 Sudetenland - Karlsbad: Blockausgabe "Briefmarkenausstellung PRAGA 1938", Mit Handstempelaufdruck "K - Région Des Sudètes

☆ ☆ ☆ ☆ ☆

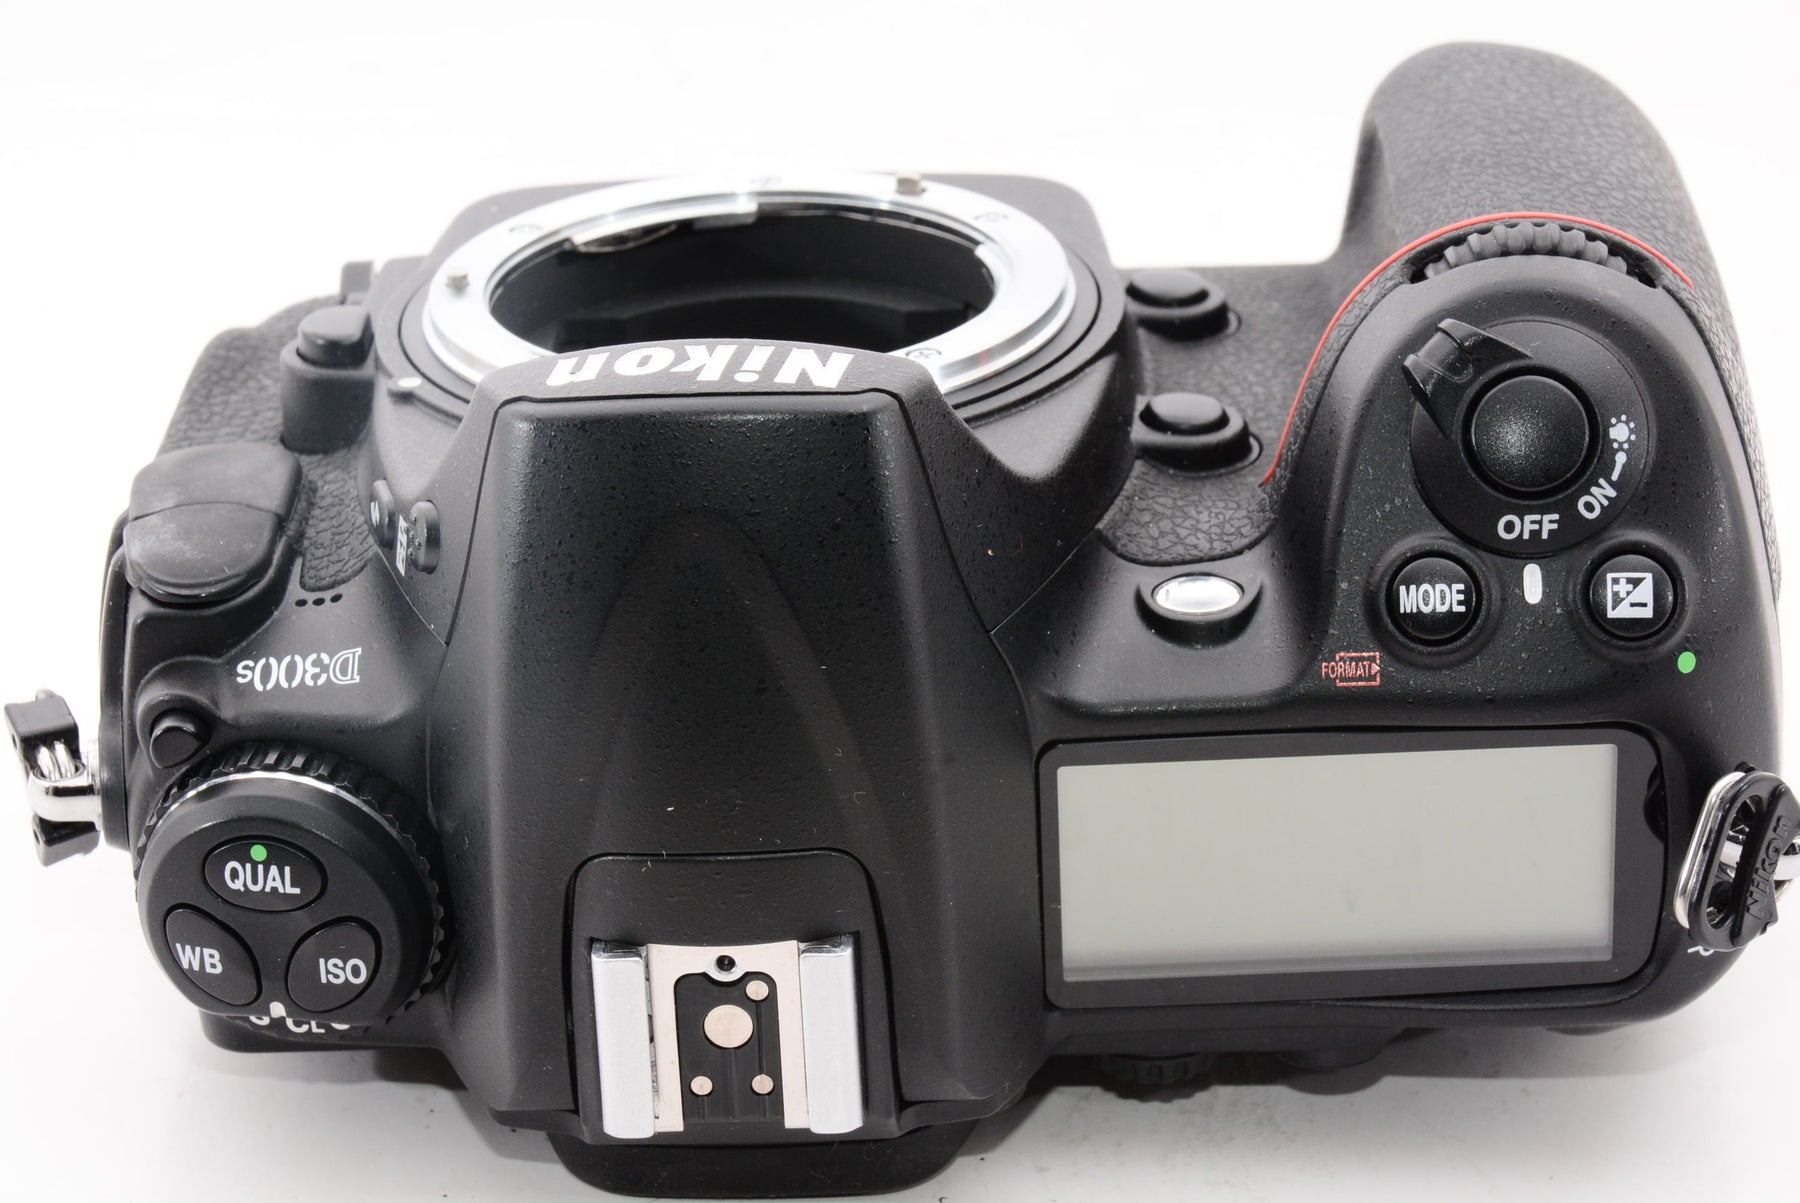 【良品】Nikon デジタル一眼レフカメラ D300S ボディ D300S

☆ ☆ ☆ ☆ ☆

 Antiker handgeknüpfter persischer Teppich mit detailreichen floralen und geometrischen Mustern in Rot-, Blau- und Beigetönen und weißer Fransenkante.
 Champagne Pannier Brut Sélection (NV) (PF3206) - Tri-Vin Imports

☆ ☆ ☆ ☆ ☆

From the entries above, restate word for word the lines from the line containing "Antiker handgeknüpfter persischer" to the line containing "Champagne Pannier Brut", both ends included, and nothing more.

 Antiker handgeknüpfter persischer Teppich mit detailreichen floralen und geometrischen Mustern in Rot-, Blau- und Beigetönen und weißer Fransenkante.
 Champagne Pannier Brut Sélection (NV) (PF3206) - Tri-Vin Imports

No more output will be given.